Le test sans slots prend 15.21% de temps en plus
Le test sans slots prend 14.62% de temps en plus
Le test sans slots prend 14.76% de temps en plus
Le test sans slots prend 16.23% de temps en plus
Le test sans slots prend 15.6% de temps en plus
Le test sans slots prend 14.8% de temps en plus
Le test sans slots prend 18.42% de temps en plus
Le test sans slots prend 15.78% de temps en plus
Le test sans slots prend 15.76% de temps en plus
Le test sans slots prend 15.27% de temps en plus

These times were obtained from a Python 3.6.7 version on a Macbook Pro.

3. Disadvantages

All is unfortunately not perfect and I will now discuss the problems that I consider major with this technique.

Let’s immediately dismiss the impossibility of dynamically adding attributes to objects thanks to __dict__, because that is precisely what is behind the observed gain. But above all, because it is quite possible to add __dict__ among __slots__! We then end up with a kind of partial optimization that concerns only the attributes that are declared among the slots, while we can dynamically add all the other attributes we want.

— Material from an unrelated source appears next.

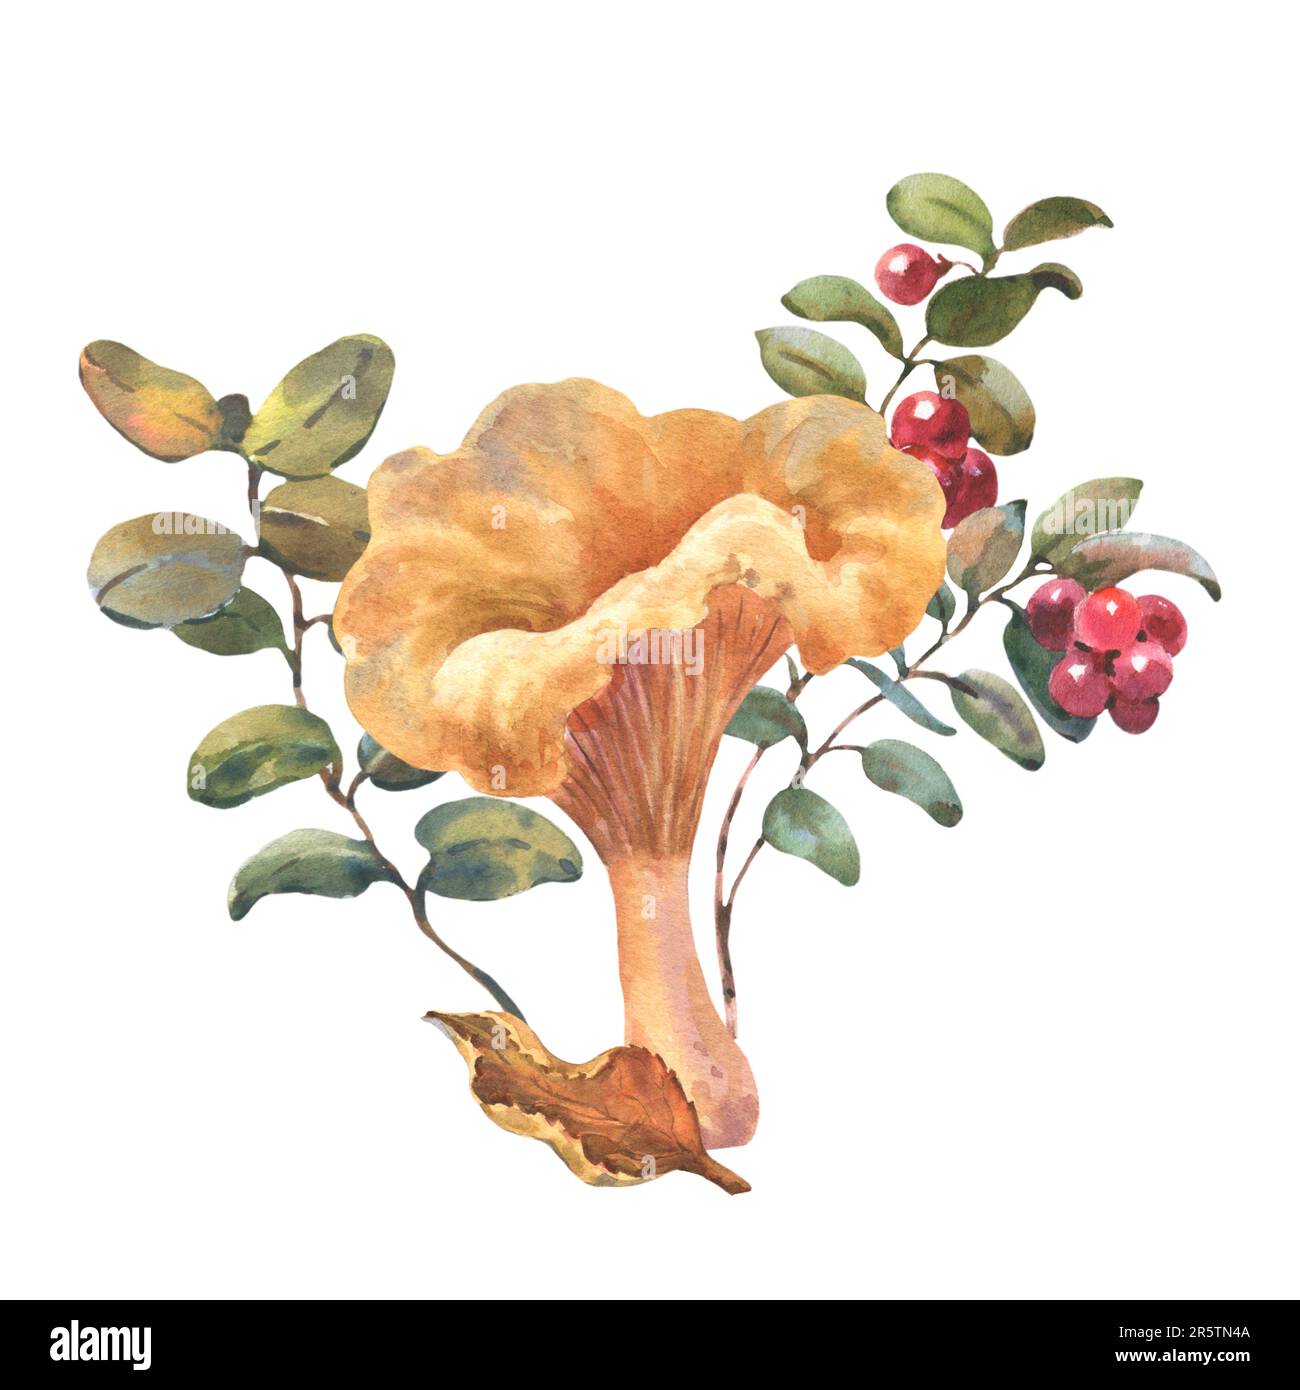 Chanterelle de forêt avec arbustes de canneberges et feuille d'automne. Illustration à l'aquarelle dessinée à la main. Composition isolée sur fond blanc Banque D'Images

The major problem is the inheritance and reusability of the code. There are three rules to keep in mind when trying to add slots to an inheritance tree:

  • The slots of a parent class are added to those of the file class
  • There can only be one parent class with a sequence of non-empty slots
  • Only one class in the inheritance tree fails to declare slots, even empty, so that the resulting instances have a _dict_

So we can factor a number of slots in a parent class, which can be very useful. On the other hand, the last two points are problematic. When you want to define slots in a class, it implies to go back to all the parent classes to add either relevant slots, even if you have to introduce a __dict__ if it is absolutely necessary to be able to dynamically add attributes (despite the losses performance that we saw previously).

In the case of multiple inheritances, because of the second point, it means that we are faced with a difficult situation. Either we can declare a sequence of empty slots because the class does not provide an attribute (only methods), or we have no way to prevent the creation of a __dict__. This last disadvantage is also found if the classes which one inherit are found in a library which did not foresee this case of use and that we can not edit it. For those who have already navigated a little in the code of some modules of the standard library (I am thinking for example of typing and collections) that define new types of objects, that’s why you will find many definitions of slots, mostly insignificant.

CONCLUSION

We have seen that slots are an optimization technique potentially very simple to implement. As seen by experience, I know that it is not uncommon at all to have objects whose structure never varies and from which derives either directly from the object class or from one or two parent classes can edit freely. In these cases, I see no reason not to take advantage of the slots. Possible girl classes can choose to reuse this mechanism or not, free to their developer. The only potentially awkward point is that the class we are writing is found to be used as a mixin among others who declare non-empty slots, but this is far from being a common case.

Be that, as it may, keep in mind that premature optimization is the source of many ills. The best way to proceed is certainly is to add this optimization a posteriori and gradually, profiling its code, again and again.